This is slightly off topic. But surely this whole discussion is evidence of the gross overvaluation in the residential market. Why should parents have to burrow to help their offspring buy a house?  Of course parental involvement adds to demand further pushing up prices.
  Falling interest rates will continue to support the market this year. But eventually the cycle turns. 
  Furthermore there is a retirement crisis brewing all over the developed world.
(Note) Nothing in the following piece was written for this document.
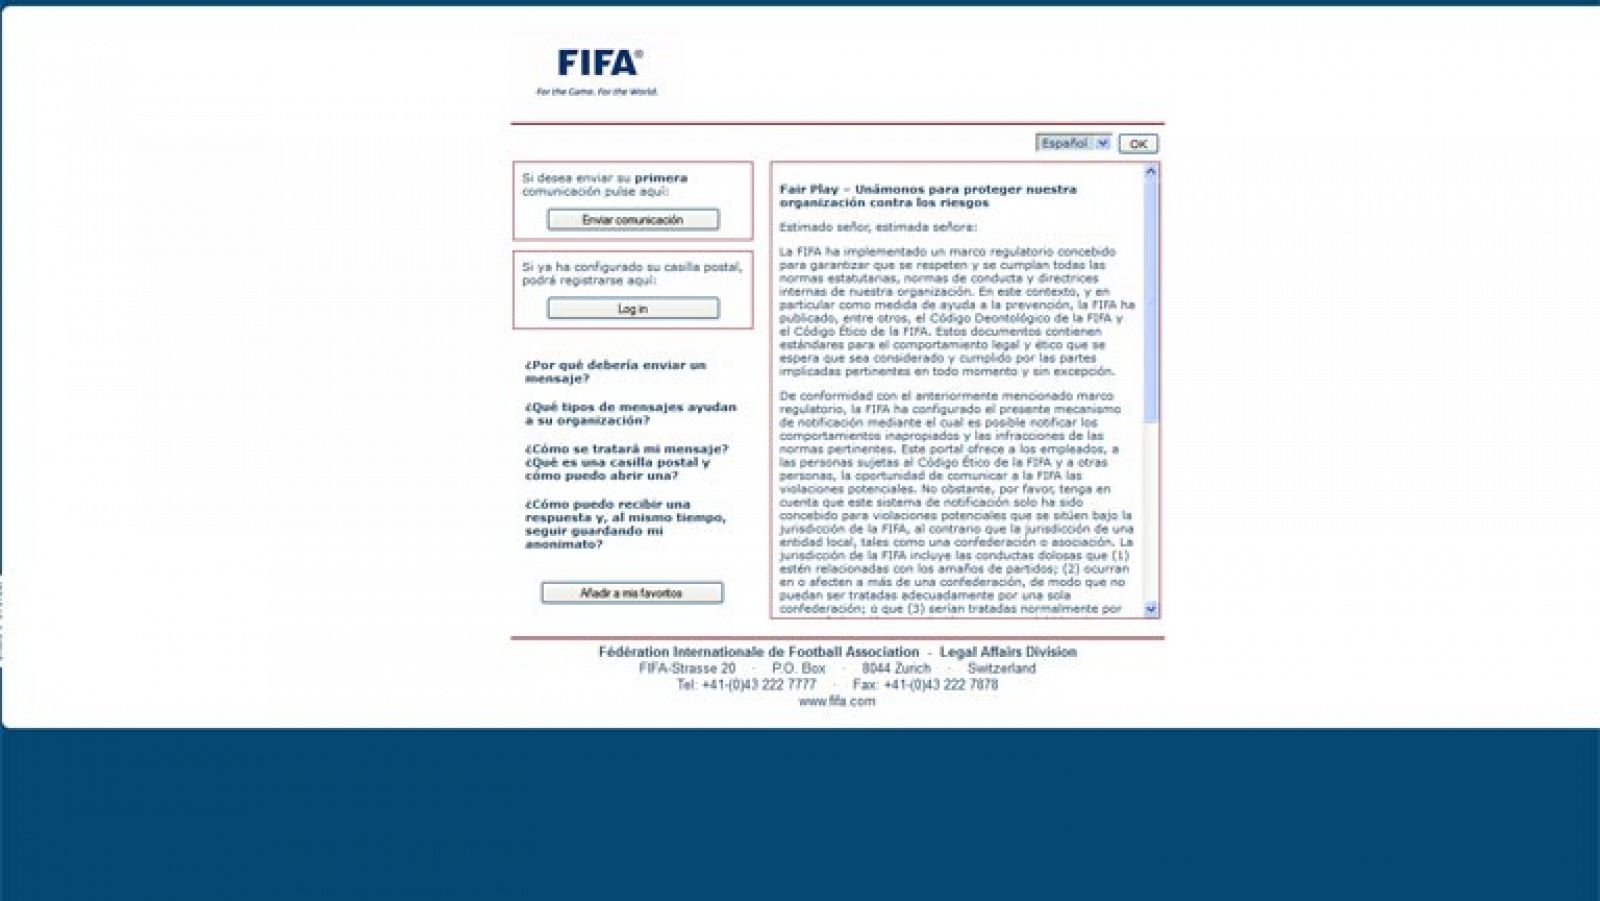 Imagen de la web de denuncias de amaños de la FIFA

The problem is not as severe in Ireland as in Japan and continental Europe but basically people are living longer, healthcare is more expensive(including nursing home care) and return on investments will be much lower than the optimistic projections of insurance Co.
 For those outside the public sector on private pensions and those with defined contibution plans, hold on to your money.


----------



## flash (23 Jan 2003)

*EBS family first*

Brendan,

u r still wired 2 the moon 

"or if the parents are close to nursing home stage "

who can estimate this?

Rgds, F


----------



## Liam D Ferguson (23 Jan 2003)

*Re: EBS family first*

I agree with tyoung.  

Last year I was asked to comment on the new higher multiples of salary being offered by lenders.  I said that selfishly I was delighted because it was good for business for me, but I also believed that it would contribute further to house price inflation.  If houses are reaching a level where many FTB's can't get on the ladder, offering bigger mortgages is a very short-term solution to that problem.  (And yes I know the bigger mortgages were a result of lower interest rates and therefore greater affordability, but the effect they had on house prices was the same).  
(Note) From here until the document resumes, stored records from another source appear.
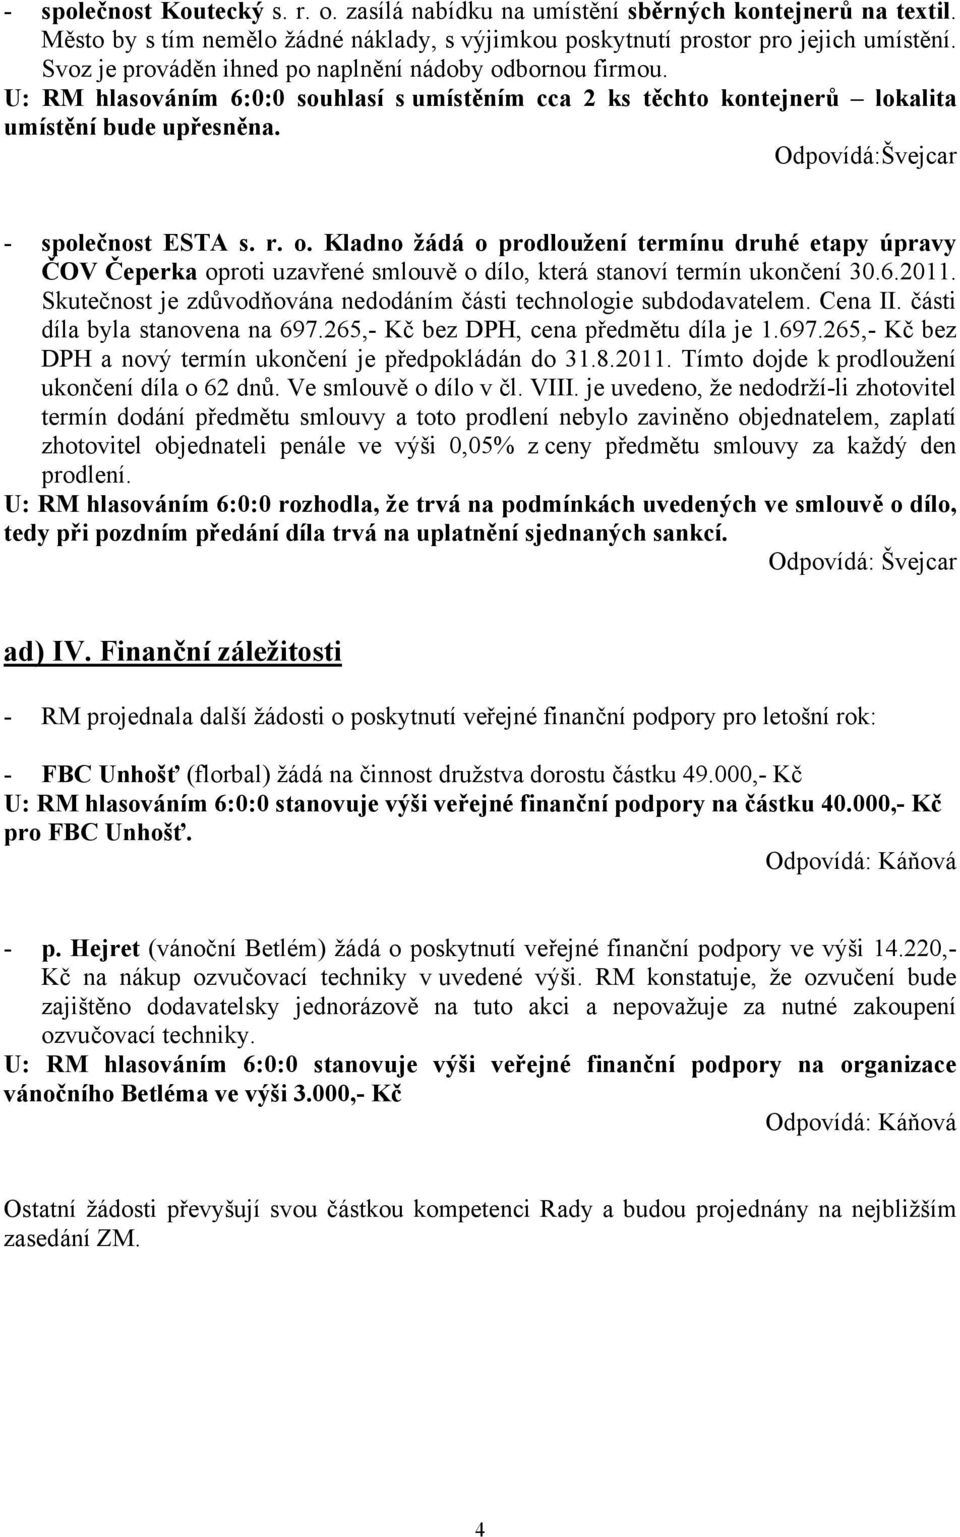 Odpovídá:Švejcar - společnost ESTA s. r. o. Kladno žádá o prodloužení termínu druhé etapy úpravy ČOV Čeperka oproti uzavřené smlouvě o dílo, která stanoví termín ukončení 30.6.2011.
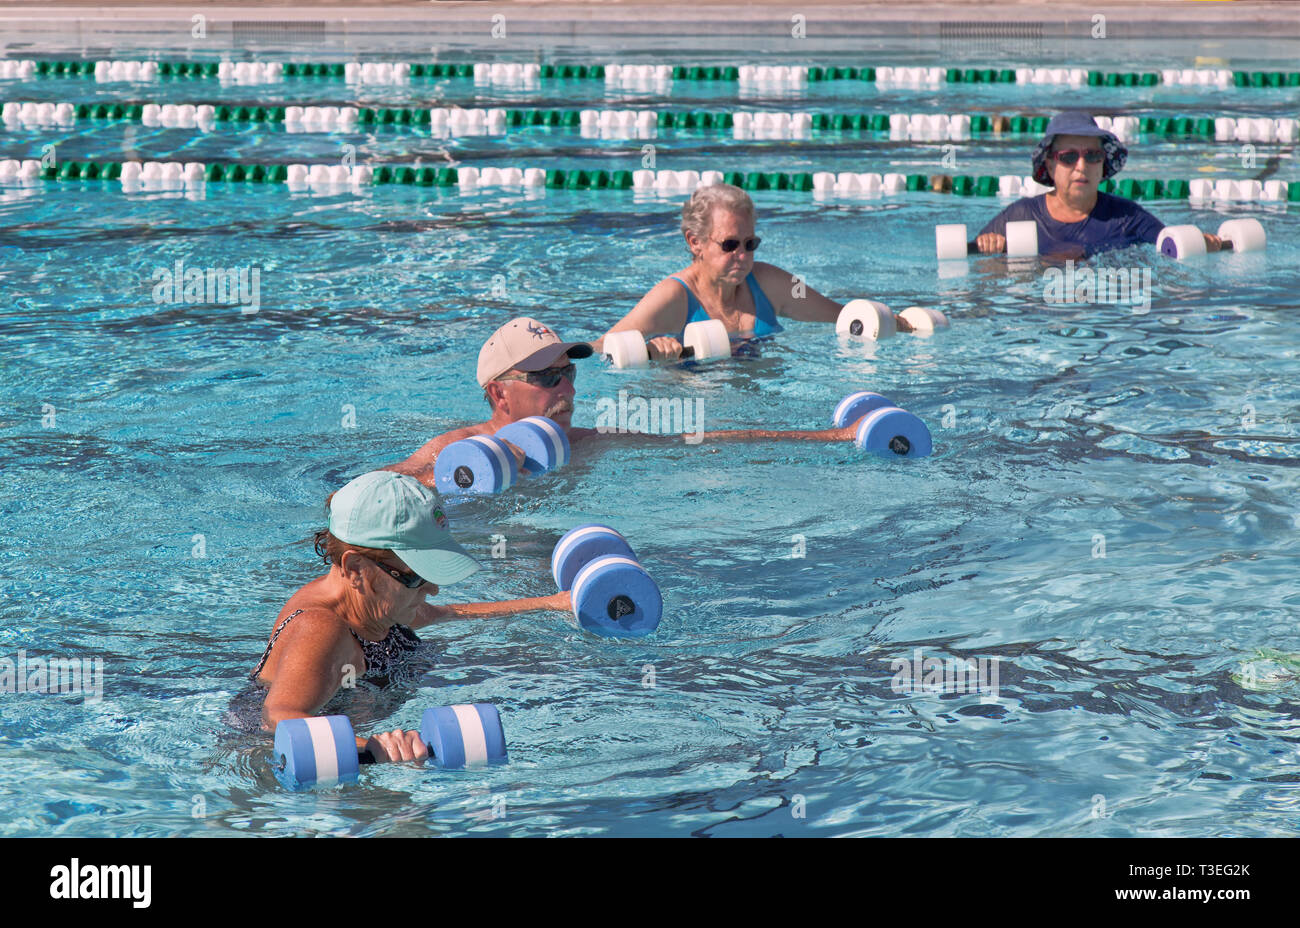 Ältere Frauen & Mann die Teilnahme an der Wassergymnastik Klasse, mit 'Wasser' Hanteln, Outdoor öffentliches beheiztes Schwimmbad. Stockfoto
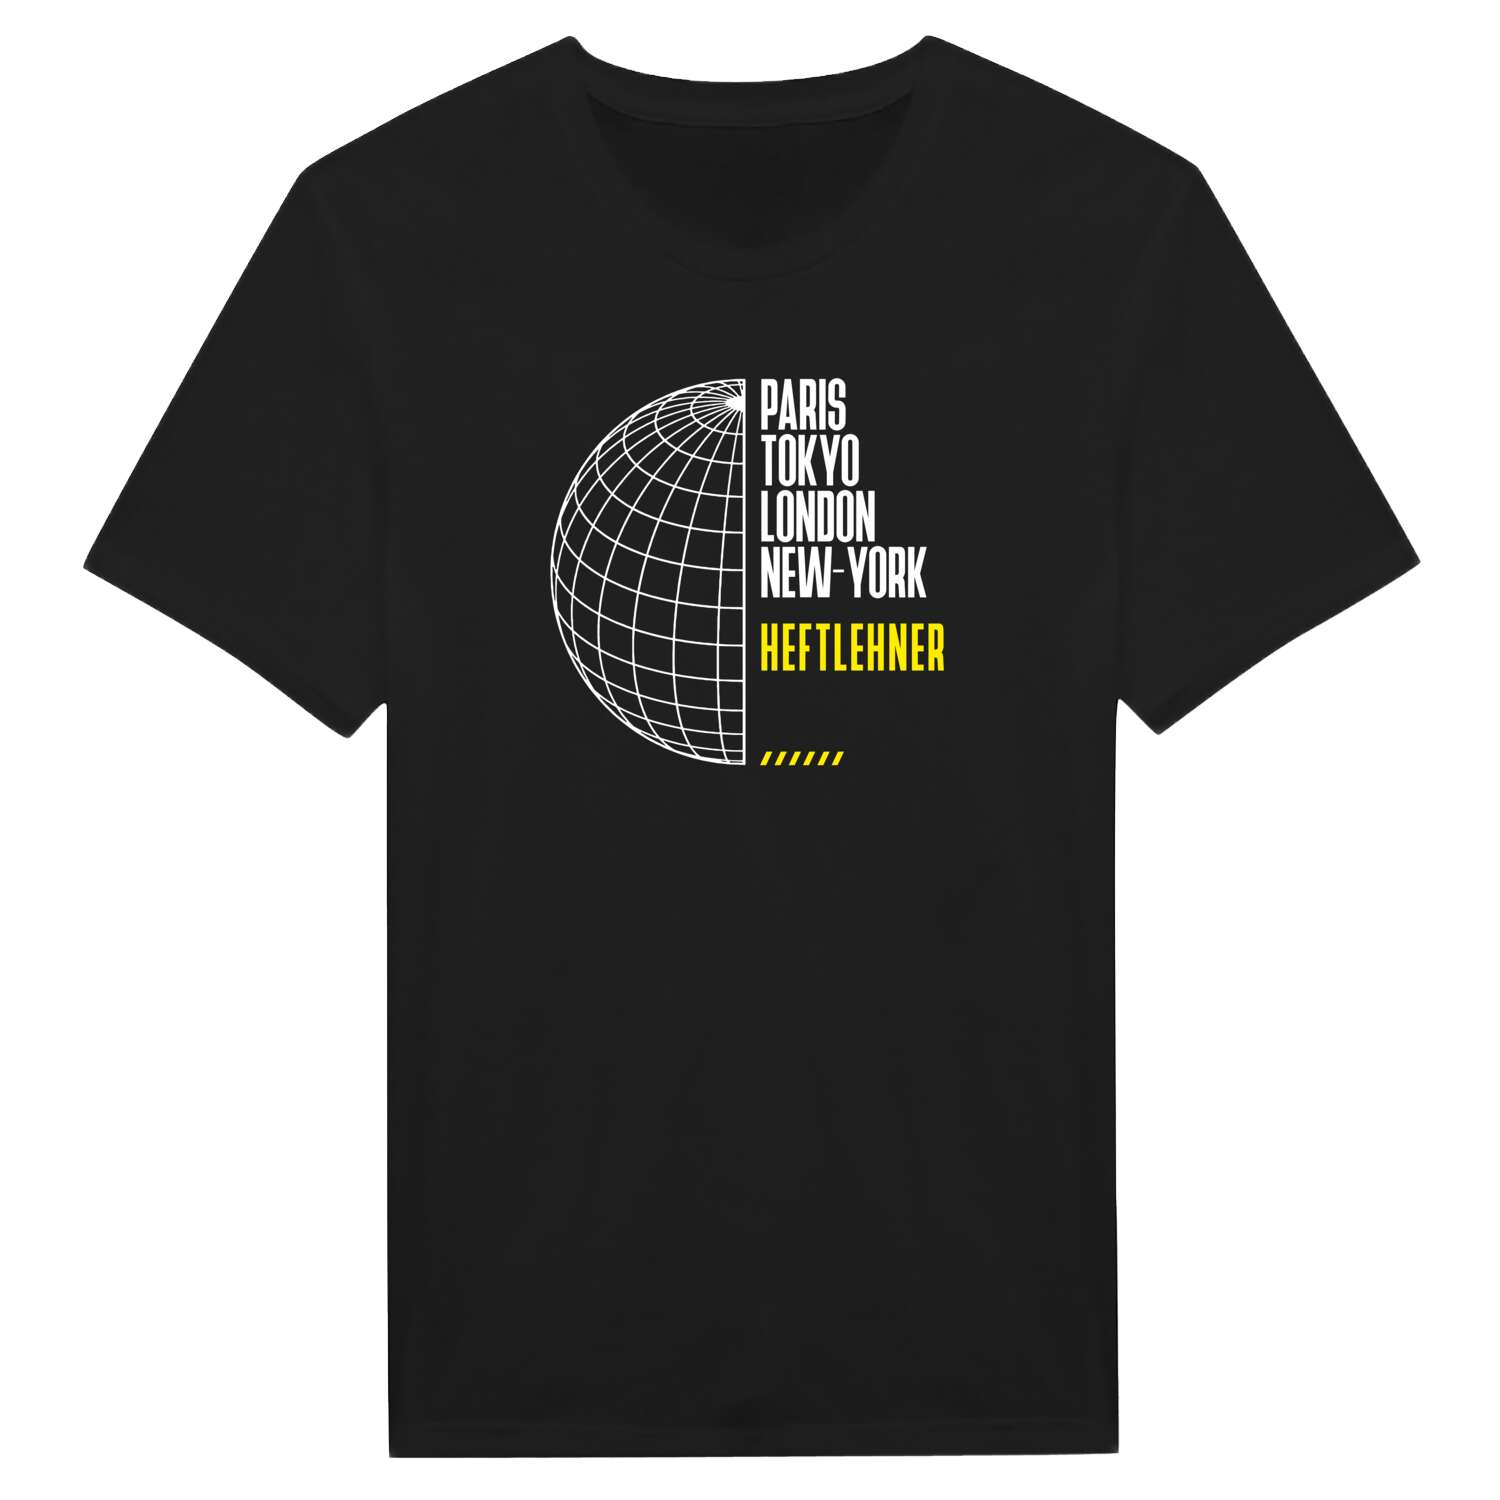 Heftlehner T-Shirt »Paris Tokyo London«

Now the EBS product.  If it's successful (and judging by the amount of publicity and free discussion it has generated, it probably will be), other lenders will follow suit and it will become even more commonplace for parents to borrow to help their FTB kids.  And so the cycle will continue upwards.  
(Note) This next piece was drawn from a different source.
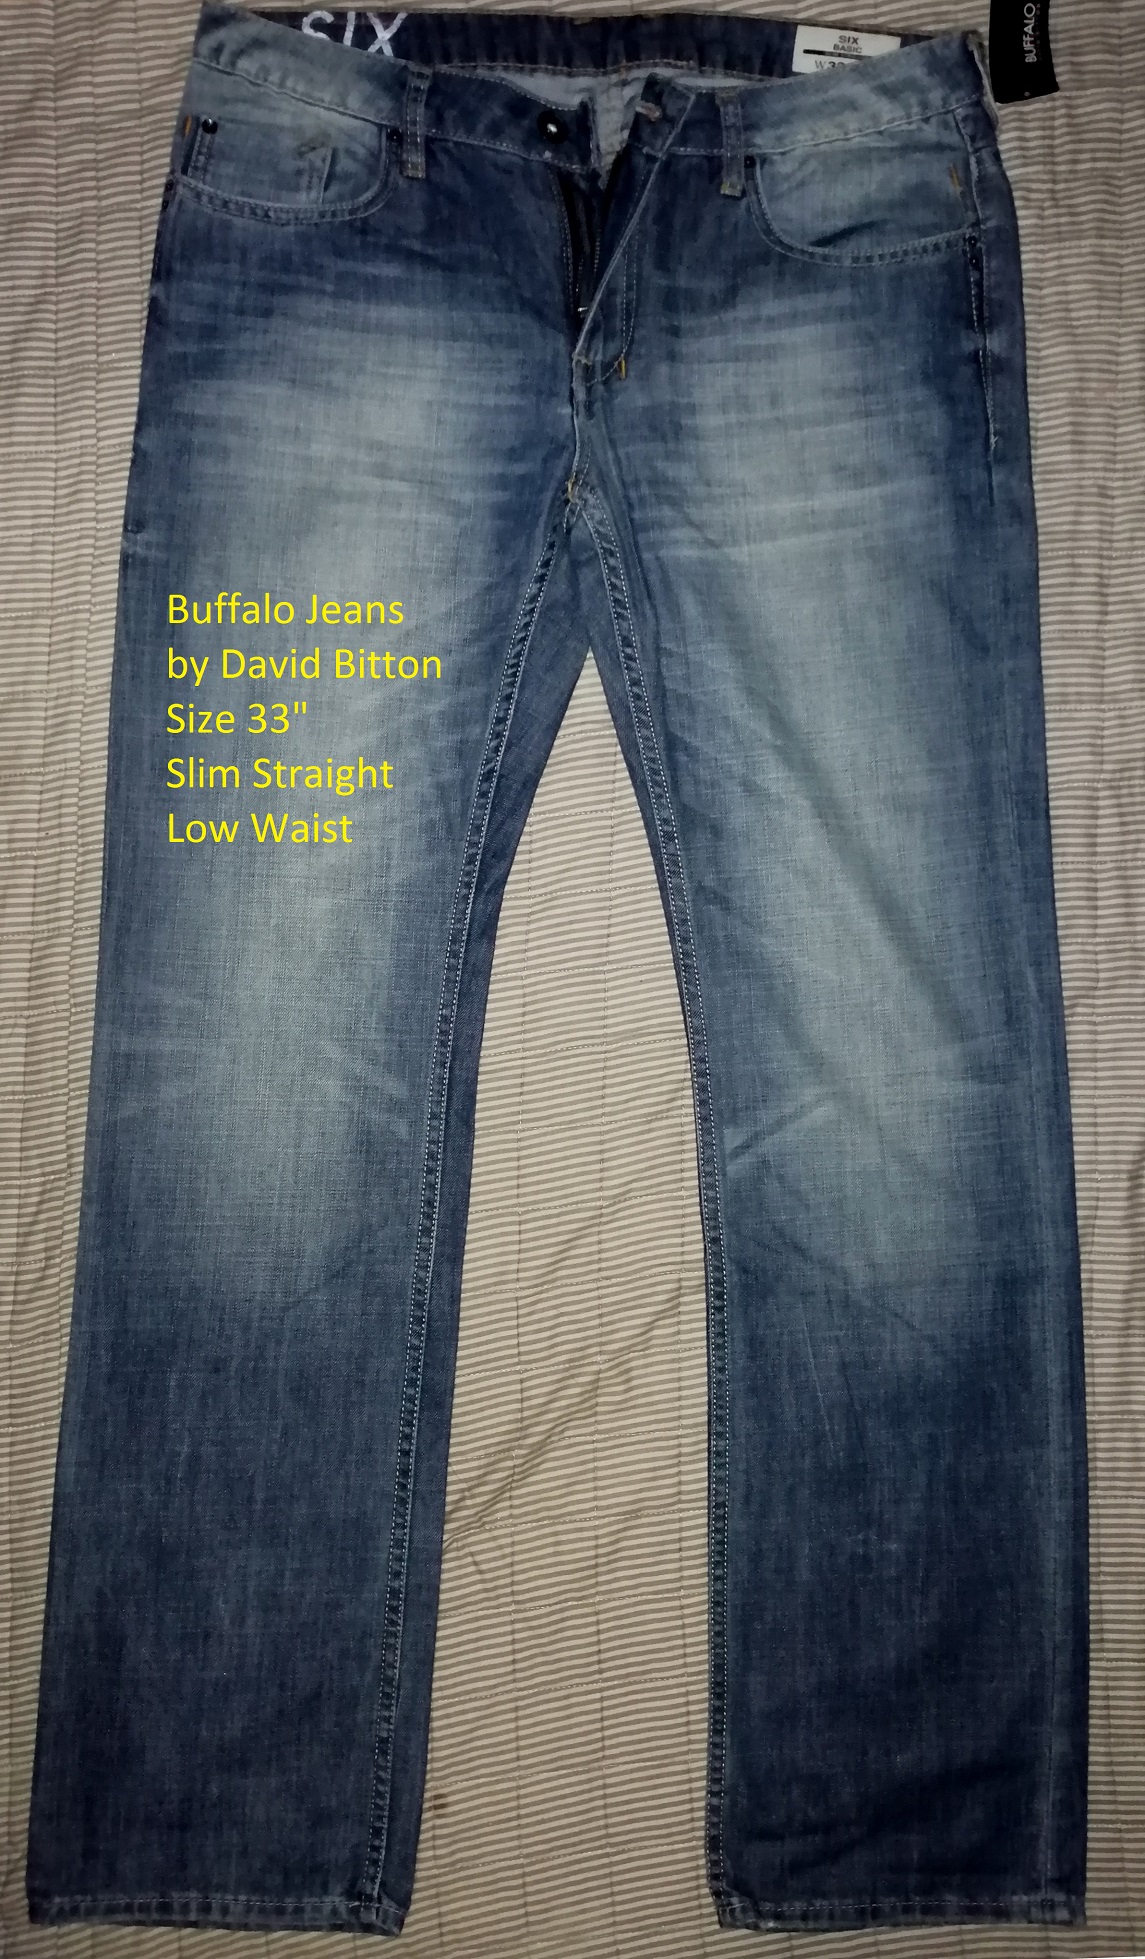 buy buffalo jeans online

But if lenders didn't offer these deals, wouldn't that mean that eventually demand would dry up and prices would level out?  Don't get me wrong, I'm not blaming lenders for dreaming up products that will sell - that's what they're in business for.


----------



## endowed (23 Jan 2003)

*EBS advert*

Just going slightly off-topic for a moment, in relation to the EBS advert, it was interesting to read an Advertising Standards Authority for Ireland spokesperson being quoted in last Sunday’s [broken link removed] that _"there is nothing in the ad that obviously breaches the (advertising)code, but we will keep an open mind, it seems to be upsetting people, and there is a provision in our code that says ads should not cause widespread offence."_

Up to last weekend, the ASAI said it had only received two formal complaints. :\


----------



## Tintagel (23 Jan 2003)

*No kids?  Use your EBS mortgage account to your advantage.*

For those of you who have an EBS mortgage, some savings and no children may I offer the following advice.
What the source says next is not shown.